Structure of the RNA-dependent RNA polymerase from COVID-19 virus

The COVID-19 RNA-synthesizing machine Many in the scientific community have mobilized to understand the virus that is causing the global coronavirus disease 2019 (COVID-19) pandemic. Gao et al. focused on a complex that plays a key role in the replication and transcription cycle of the virus.
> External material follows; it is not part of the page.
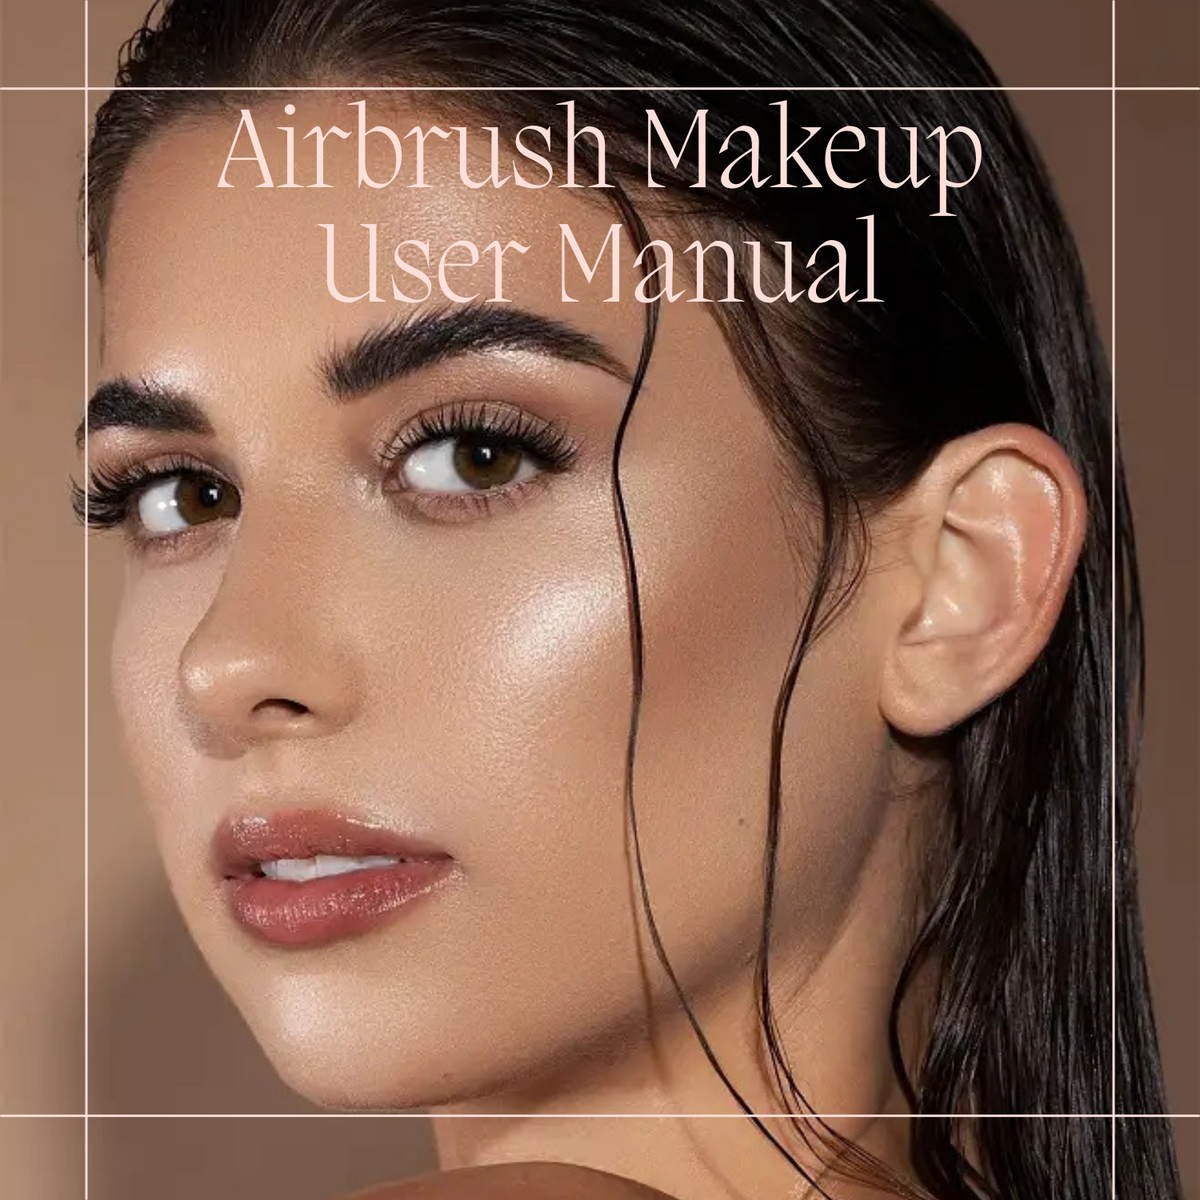 7 Ways To Check If Airbrush Makeup Is What You Need!

They used cryo–electron microscopy to determine a 2.9-angstrom-resolution structure of the RNA-dependent RNA polymerase nsp12, which catalyzes the synthesis of viral RNA, in complex with two cofactors, nsp7 and nsp8. nsp12 is a target for nucleotide analog antiviral inhibitors such as remdesivir, and the structure may provide a basis for designing new antiviral therapeutics. Science , this issue p. 779 The structure of the COVID-19 virus polymerase essential for viral replication provides a basis for the design of new antiviral drugs. A novel coronavirus [severe acute respiratory syndrome–coronavirus 2 (SARS-CoV-2)] outbreak has caused a global coronavirus disease 2019 (COVID-19) pandemic, resulting in tens of thousands of infections and thousands of deaths worldwide. The RNA-dependent RNA polymerase [(RdRp), also named nsp12] is the central component of coronaviral replication and transcription machinery, and it appears to be a primary target for the antiviral drug remdesivir. We report the cryo–electron microscopy structure of COVID-19 virus full-length nsp12 in complex with cofactors nsp7 and nsp8 at 2.9-angstrom resolution. In addition to the conserved architecture of the polymerase core of the viral polymerase family, nsp12 possesses a newly identified β-hairpin domain at its N terminus. A comparative analysis model shows how remdesivir binds to this polymerase. The structure provides a basis for the design of new antiviral therapeutics that target viral RdRp.